Income and vote choice in Mexican voting

Using multilevel modeling of state-level economic data and individual-level exit poll data from the 2000 Mexican presidential election, we find that income has a stronger effect in predicting the vote for the conservative party in poorer states than in richer states—a pattern that has also been found in recent U.S. elections. In addition (and unlike in the U.S.), richer states on average tend to support the conservative party at higher rates than poorer states. Our findings are consistent with the 2006 Mexican election, which showed a profound divide between rich and poor states. Income is an important predictor of the vote both at the individual and the state levels.

Here’s the paper, and here’s the key graph:

mexicofigure3.png

The little circles in the plots show the data from the exit poll from the 2000 election (average vote plotted vs. income category within each state, with size of the circles proportional to the number of survey respondents it represents). Party is coded as 1=PRD, 2=PRI, 3=PAN, so higher numbers are more conservative. The solid line in each plot represents the estimated relation between vote choice and income within the state (as fitted from a multilevel model). The gray lines represent uncertainty in the fitted regression lines.

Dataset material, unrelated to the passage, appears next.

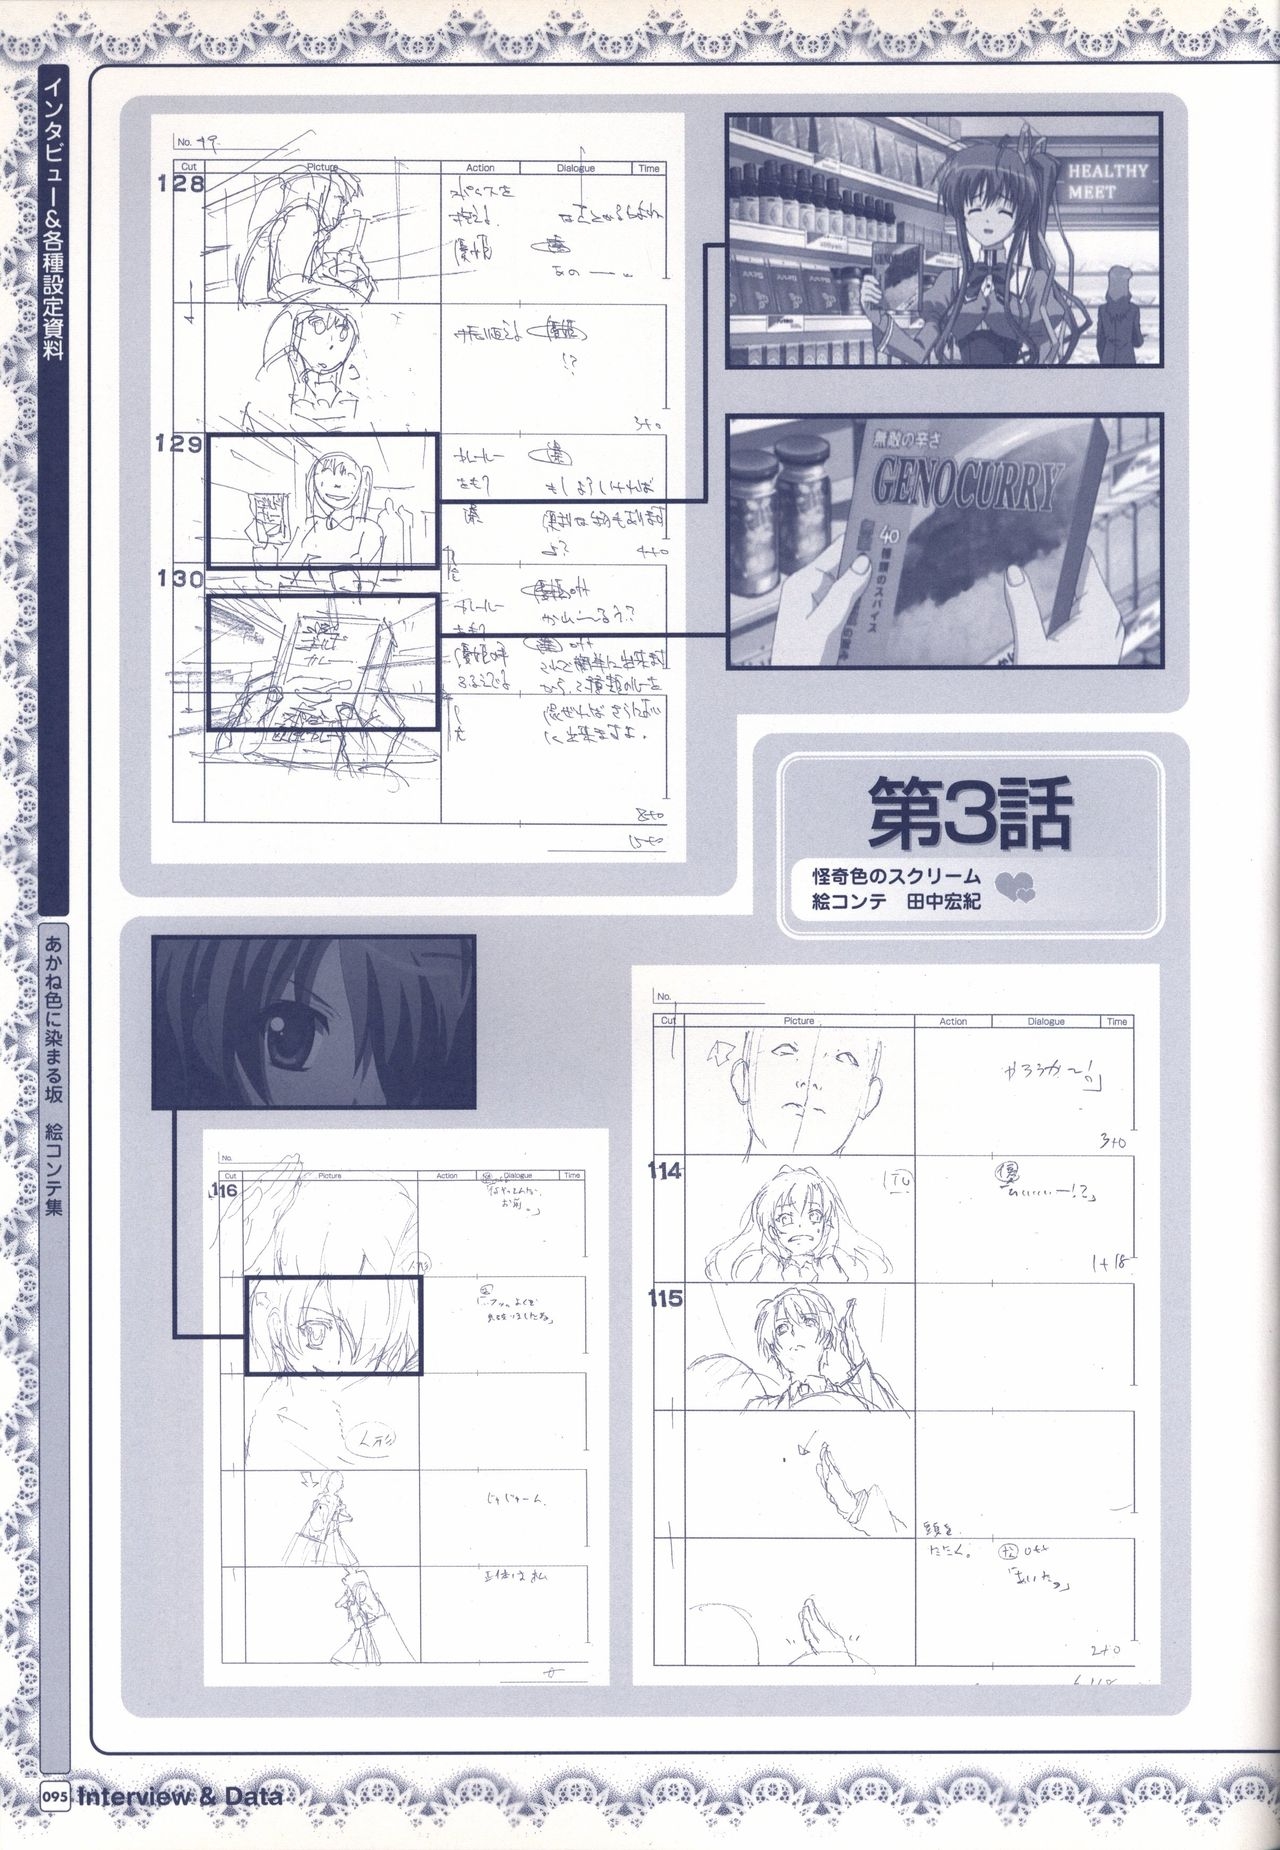 TV ANIME Akaneiro ni Somaru Saka Visual Guide Book 95
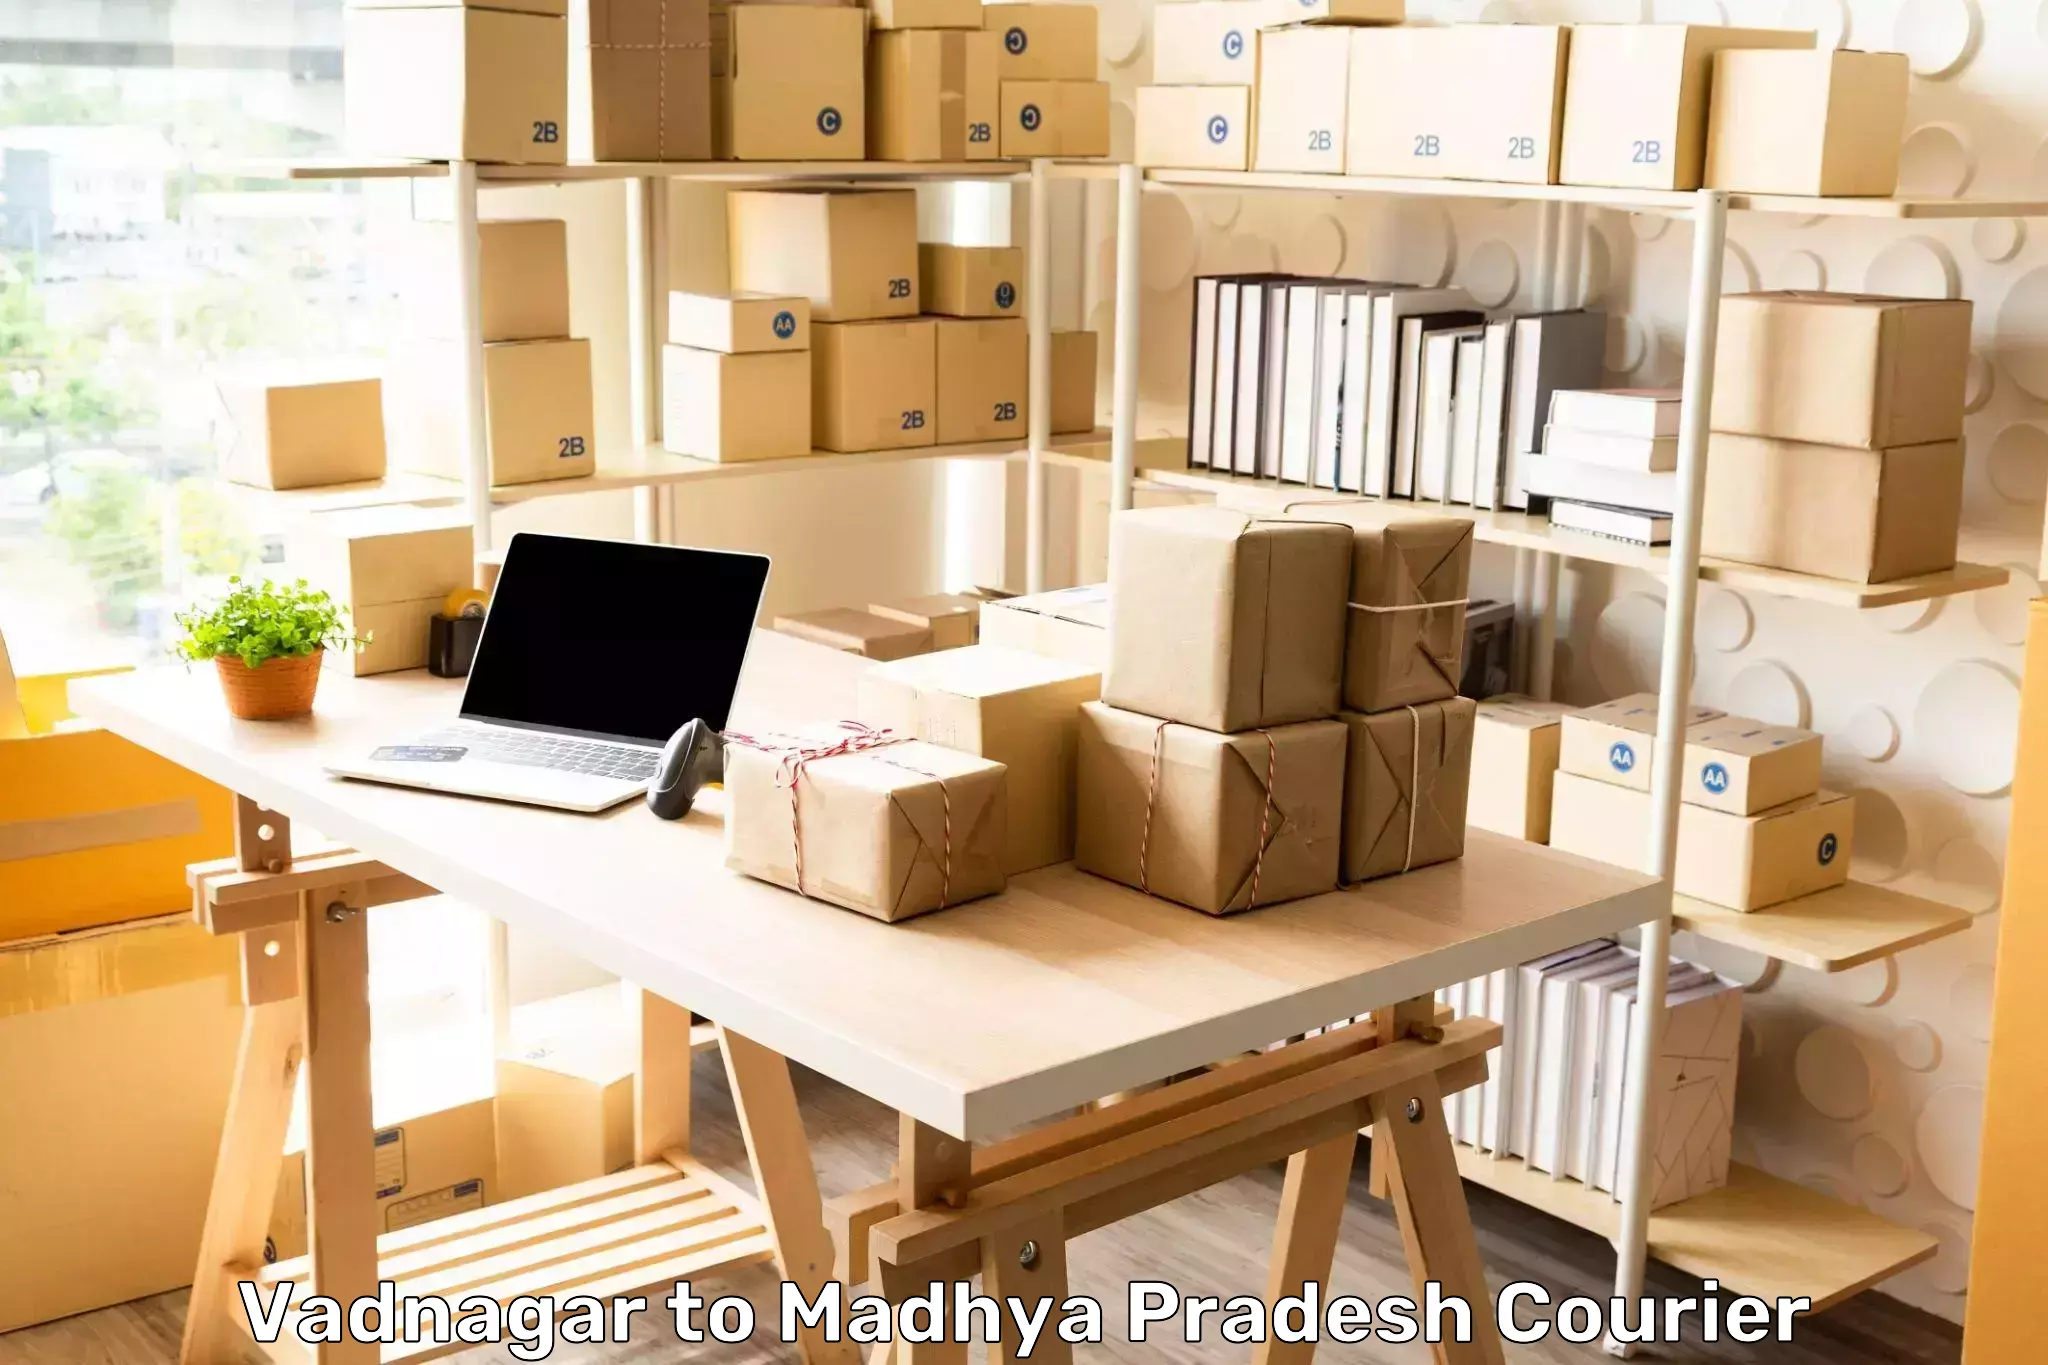 Multi-service courier options Vadnagar to Lashkar

The graph shows the 32 states (including Mexico, D.F.) in increasing order of per-capita GDP. The slopes are higher–that is, income is a stronger predictor of the vote–in poor states. Income is a less important predictor in the rich states (except for the capital, Mexico, D.F., which has its own pattern).

Here’s a plot of the slopes vs. per-capita GDP in the 32 states:

mexicofigure4b.png

The conservative party did better with rich voters everwhere, but individual income is a much stronger predictor of the vote in poor states than in rich states. This is similar to the pattern we found in the U.S. One difference between the two countries is that in the U.S., the conservative party does better in the poor states, but in Mexico, the conservative party does better in the rich states. But at the level of individual voting, the patterns in the two countries seems similar.

We plan to replicate our study with 2006 exit polls, once we can get our hands on the data.

4 thoughts on “Income and vote choice in Mexican voting

  1. This is great. Congratulatons on your study. It's great to see determined, well informed and tooled people doing interesting political science!

  2. Very interesting.

    I tried to send a trackback here from Fruits and Votes, but for some reason they never seem to work to Moveable Type blogs.

    The most relevant thing I had to add (a question, really) at my post was:

    "…the authors use a left-right scale that places the PRD at the left, PRI in what they call the “blurry center,” and PAN at the right. Nothing at all wrong with that ideological description, but is this the expected relationship of income level to the vote? I would think not: the poorest Mexicans probably have the strongest tendency to vote PRI, with the PRD strongest in the lower-middle classes (at least in 2006)."

    Also of potential interest, the 2006 three-party dispersion graphs prepared by one of my regular commentators.

  3. Matthew,

    Interesting point. We did, in fact, do an analysis of PRI compared to all the other parties (in parallel to the plots in Figure 5 of the paper. PRI voting in 2000 was indeed negatively correlated with individual income. That is, the slopes were negative for the within-state logistic regressions predicting PRI vote from individual income. When comparing slopes across states (as in the Figure 5 plots), there was no consistent pattern with state income.

    And, yes, trackback doesn't seem to work anymore, unfortunately.

  4. "…the authors use a left-right scale that places the PRD at the left, PRI in what they call the “blurry center,” and PAN at the right".

    I am not sure this is an apt description of the 2000 election. At least for the 2000 election, political competition in Mexico mostly took place on a pro-regime (pro-PRI)/anti-regime (anti-PRI) dimension – and not on a standard left/right economic redistribution dimension.